The explosive conversation, shared by British comedian James Corden, is a shocking expose of how easy it is for politicians to be swayed:
Oh my god. This is just sensational. Please watch and retweet. pic.twitter.com/ackPHwAUce
— James Corden (@JKCorden) February 7, 2019
Holocaust Memorial Day
These events took place just weeks after Holocaust Memorial Day where at a service in London, Rabbi Helen Freeman of the West London Synagogue said,
“January 27th is Holocaust Memorial Day. It marks the liberation of Auschwitz. What’s important for us to remember is that it marks the persecution of not only Jews but of gays, of political opponents, of the disabled, and of Jehovah’s Witnesses, and of all other genocides that have occurred from that day to this.
“And so when we have a service, it is all about countering prejudice and persecution. It might be about Darfur, it might be about Bosnia, Rwanda. Whenever there is a persecuted minority, Jews, Christians, Muslims, and all those of good faith try to build a better world by countering prejudice.”
So while speaking out against oppression is important, a line must be drawn between legitimate criticism of a nation vs expressing anti-Semitic remarks. Where this line sits is at times blurred, as commentator Mehdi Hasan observed in a Tweet, “I wanted to do this #thread pointing out the absurdity of saying it’s off limits to mention money and support for Israel when the US media (rightly) does mention money, influence-peddling & lobbying when it comes to Saudi Arabia and DC.”
So, on the whole @IlhanMN controversy, I wanted to do this #thread pointing out the absurdity of saying it's off limits to mention money and support for Israel, when the US media (rightly) does mention money, influence-peddling & lobbying when it comes to Saudi Arabia and DC.
— Mehdi Hasan (@mehdirhasan) February 11, 2019
Doing the Right Thing
Acknowledging that some may have become upset at her tongue-in-cheek criticism of Israel and lobbying on Twitter, Rep Omar did a brave thing, the right thing, as she apologized, writing, “Listening and learning, but standing strong” in a tweet, before expressing her thanks to Jewish colleague for reaching out and helping her understand better the importance of language.

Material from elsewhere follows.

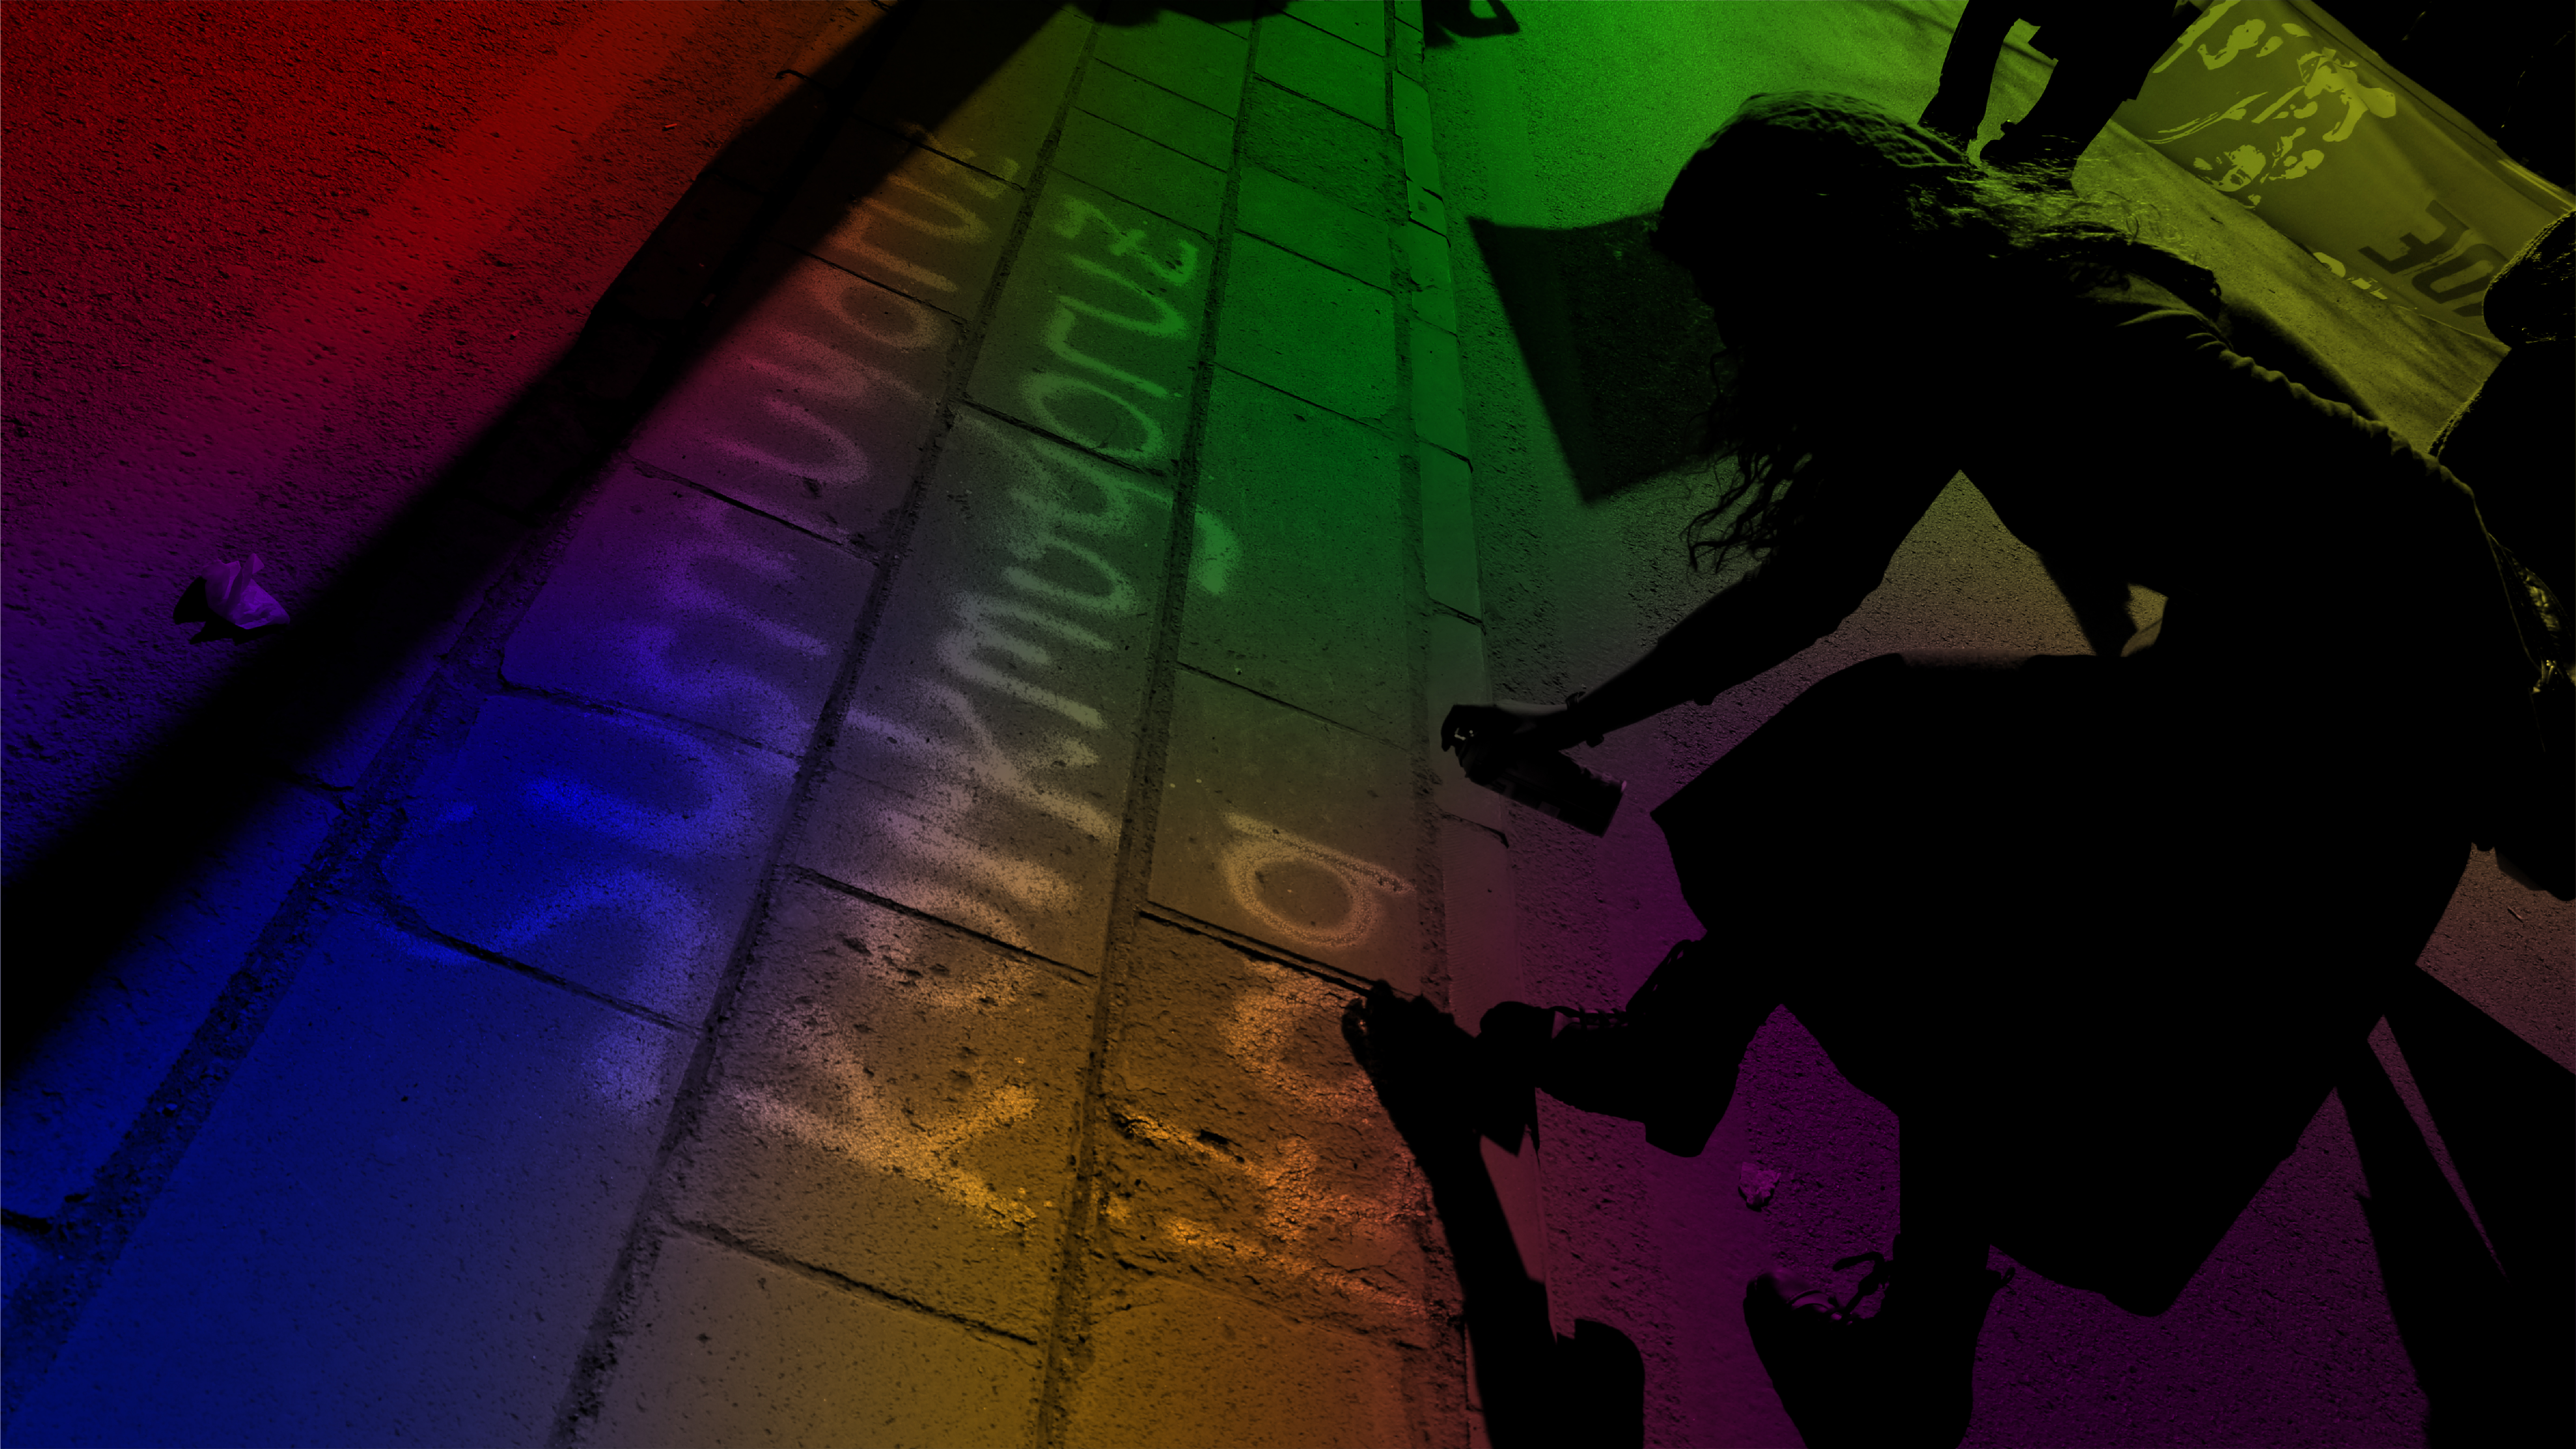 Ekim’de LGBTİ+’lara hak ihlalleri: Bir ayda, üç şehirde nefret mitingi | Kaos GL - LGBTİ+ Haber Portalı Haber

Listening and learning, but standing strong 💪🏽 pic.twitter.com/7TSroSf8h1
— Ilhan Omar (@IlhanMN) February 11, 2019
Last week in Brussels when speaking of the Liberation Route, a path that tracks the Allied Forces as they made their way into and so liberated Europe from Nazis, former EU President and current Bundestag member, Martin Schulz said:
“75 years after the end of the second world war, the route of liberation led to the liberation of Germany of my nation from the Nazi dictatorship. And was contributing, therefore, to create in Germany a sustainable democracy.
“That’s the reason why I support the liberation route as a post-war German, who profited his whole life from this liberation from terrorism and dictatorship and creating democracy.”
If our democracies are to thrive, we must all be open to constructive and valid criticism while respecting the importance of sensibilities.
Since the Jewish Holocaust, other genocides have taken place (Bosnia) and continue to take place (Rohingya), not to mention large scale incarceration of Muslims in a region of China taking place today.
Some will say Rep Omar shouldn’t have apologized, others will say she should have apologized. What matters is that she did apologize, and moving forward with direction and support of her Jewish colleagues and allies, may help ensure that commentary in the future remains better balanced, allowing valid criticism without causing offense.